Is mmap faster than read?

Sometimes. Sequential bulk reads with a large buffer often beat mmap because the syscall overhead amortizes and read-ahead is aggressive. Mmap wins for random access, partial reads of huge files, and zero-copy IPC. SQLite, LMDB and modern Lucene all use mmap for exactly that reason.

What's a page fault and is it expensive?

Accessing a mapped page that isn't yet resident traps into the kernel — a minor fault if the page is in cache (~1 µs) or major if it has to come from disk (~100 µs on SSD, ~10 ms on spinning rust). The first touch of every mapped page costs at least a minor fault.

MAP_SHARED vs MAP_PRIVATE — what's the difference?

MAP_SHARED writes go back to the underlying file and are visible to other mappers. MAP_PRIVATE uses copy-on-write: the first store on a page makes a private copy and the file is never modified. Loaders use PRIVATE for code, databases use SHARED for data files.

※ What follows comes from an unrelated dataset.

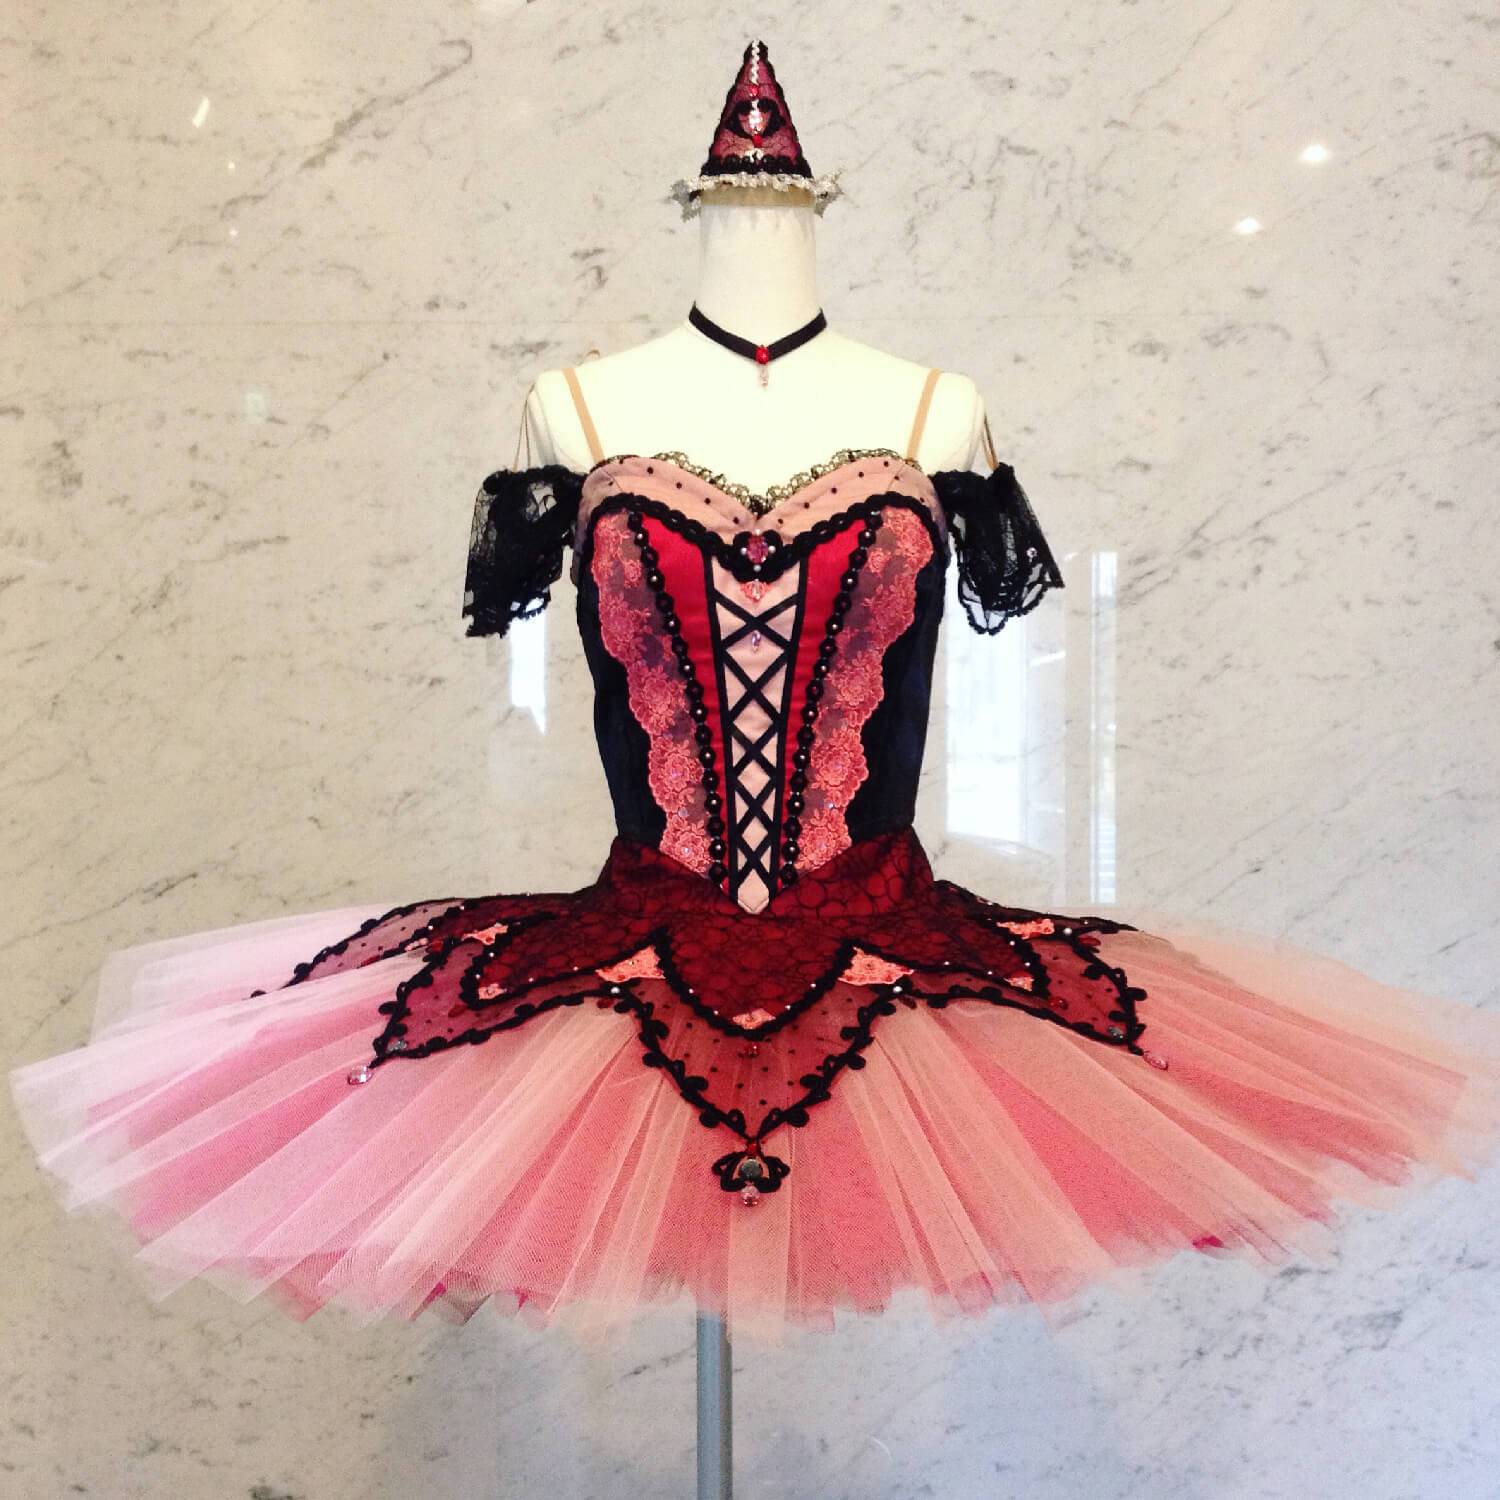 バレエのオーダーメイド衣装製作なら【Jardin des Costumes】 | バレエ

Can mmap fail because the file is too big?

On 32-bit systems, yes — your address space tops out at 2–3 GB of usable virtual range. On 64-bit, files routinely exceed RAM and mmap still works because pages fault in lazily, but the kernel can refuse if you hit RLIMIT_AS or system-wide overcommit limits.

What happens if the underlying file is truncated while mapped?

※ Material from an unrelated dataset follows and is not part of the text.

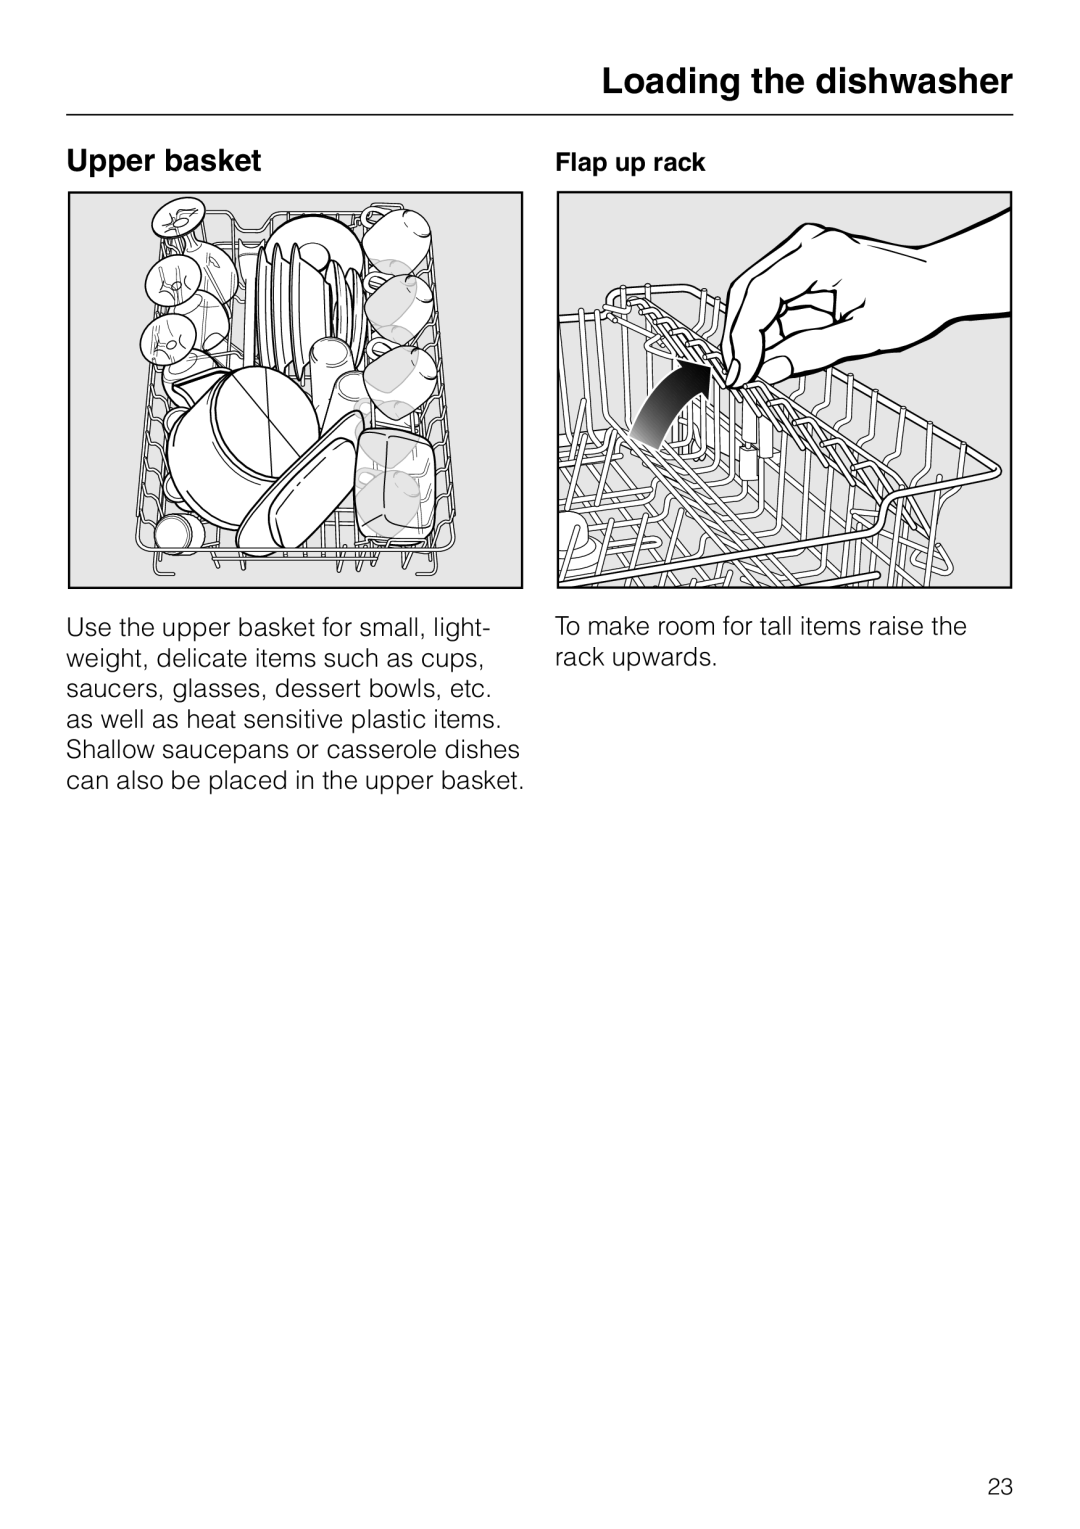 Miele dishwashers installation instructions Upper basket, Flap up rack, Loading the dishwasher

Touching a page beyond the new size raises SIGBUS. The kernel won't extend the mapping or zero-fill — it's the application's responsibility to keep the mapping and file size in sync, which is why databases use ftruncate before extending mappings.

Memory-Mapped I/O — How mmap Maps Files into Address Space

How memory mapping works

Every modern OS already presents process memory as a translated view of physical RAM via the page table. mmap just lets you ask for a chunk of that virtual address space to be backed by something specific — a file, an anonymous slab, a device. The kernel sets up the page-table entries but does not populate them. The physical pages are only fetched when you actually touch them.

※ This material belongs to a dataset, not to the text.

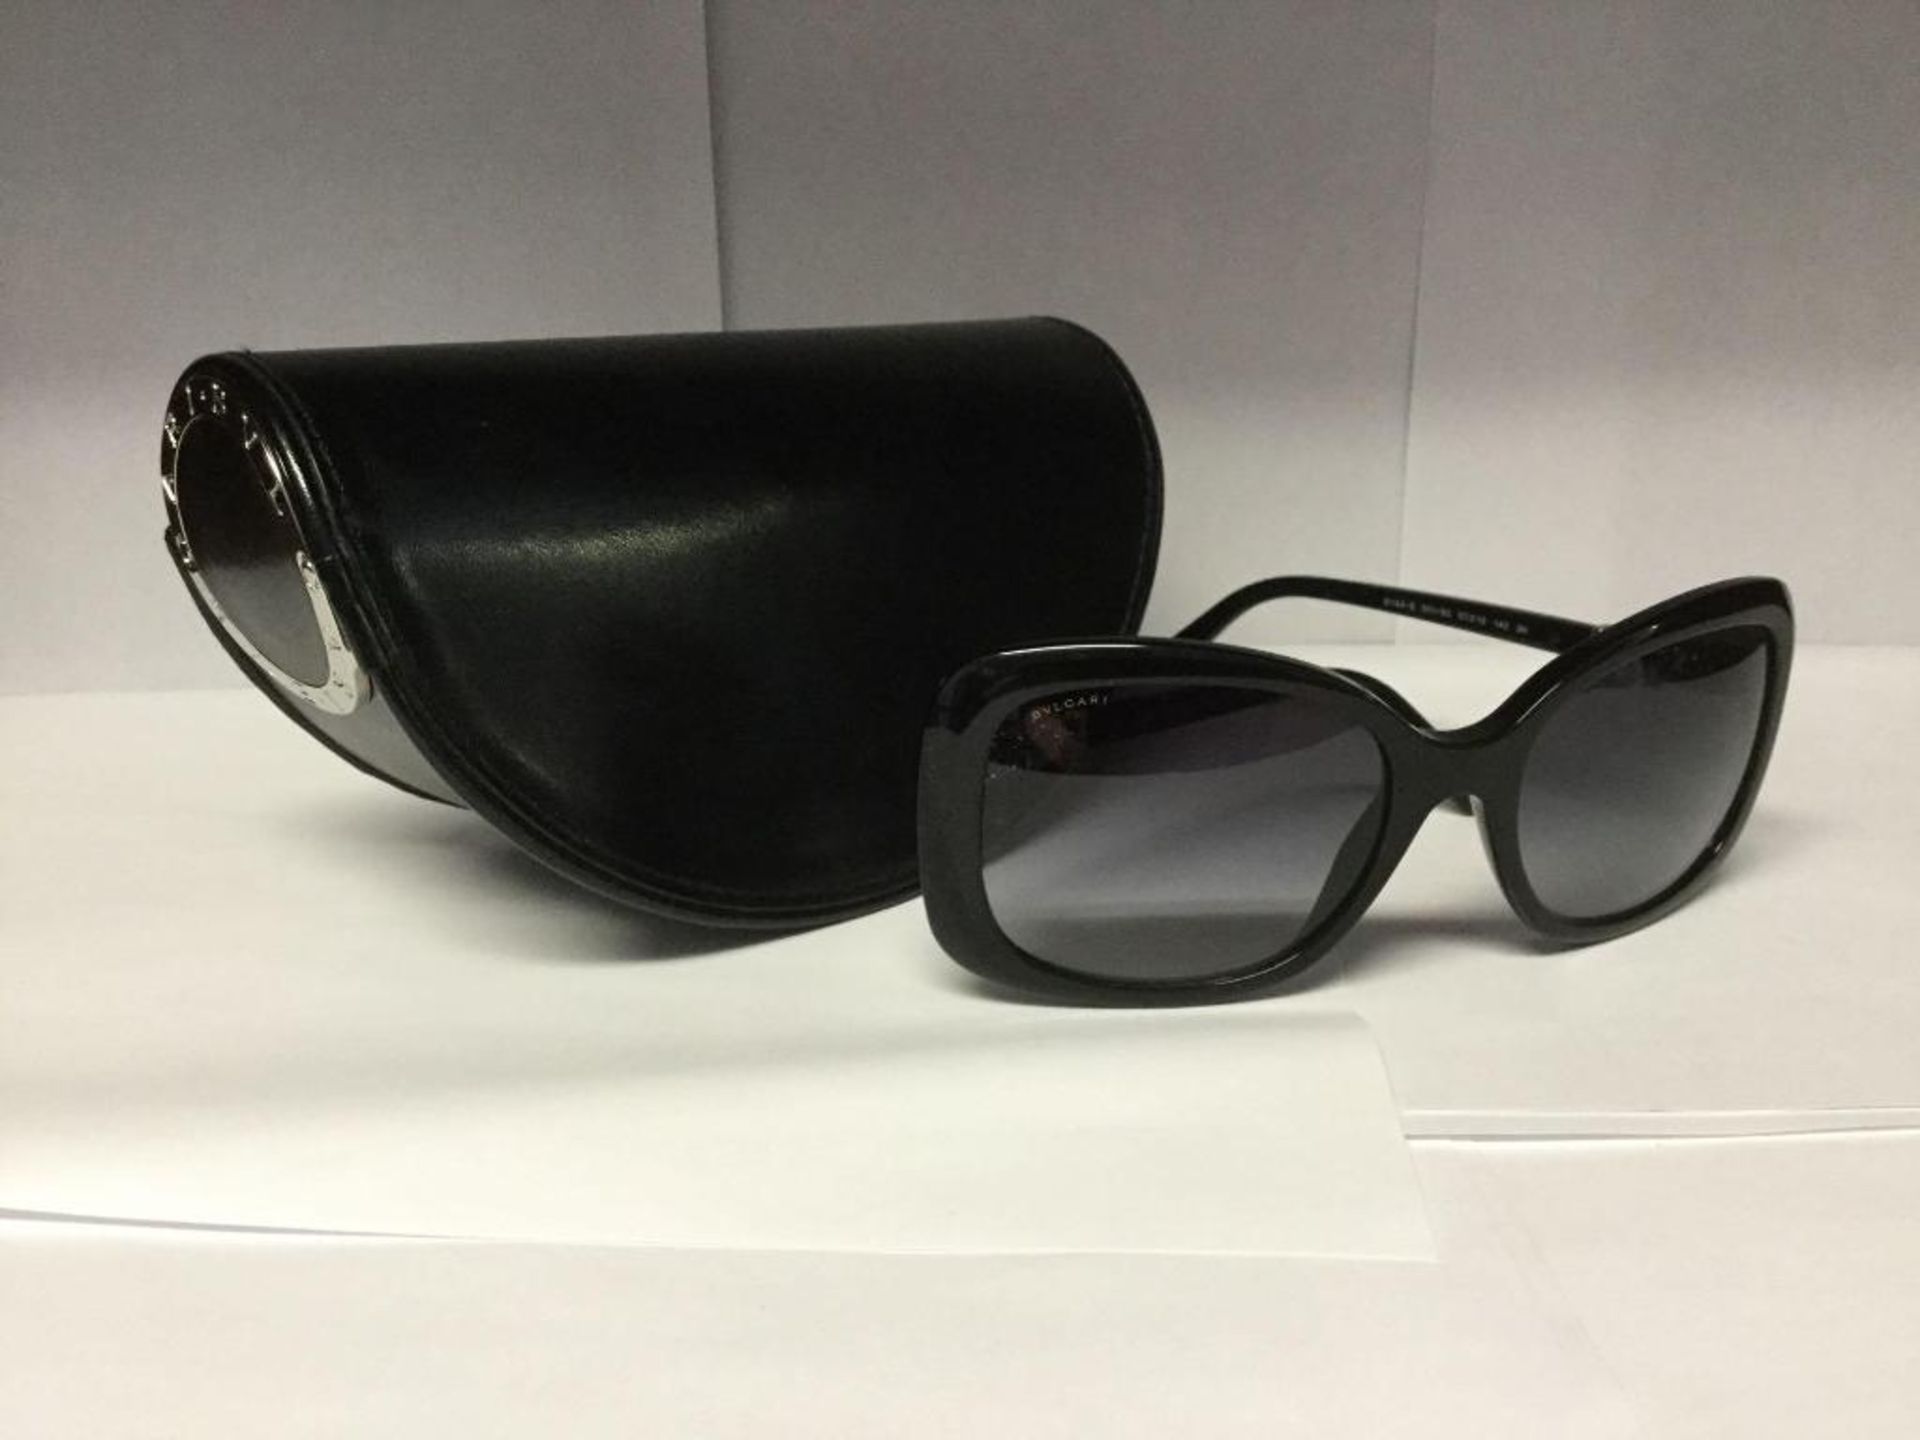 BVLGARI Sunglasses with case - Value $ 200

The lifecycle of a single page in a file mapping:

mmap(NULL, len, PROT_READ|PROT_WRITE, MAP_SHARED, fd, off) returns a virtual address. No data is read.
You dereference an address — say *(int*)(addr + 8192). The MMU finds no valid PTE for that virtual page and traps into the kernel: a page fault.
The fault handler looks up the file, reads the corresponding page from disk into the page cache (or finds it already there), and installs a PTE pointing at it.
The original load instruction is retried and now succeeds. From the program's perspective it was just a memory access.
Subsequent stores dirty the page. The kernel's writeback thread will eventually flush it back to the file (for MAP_SHARED) on its own schedule, or immediately on msync(MS_SYNC).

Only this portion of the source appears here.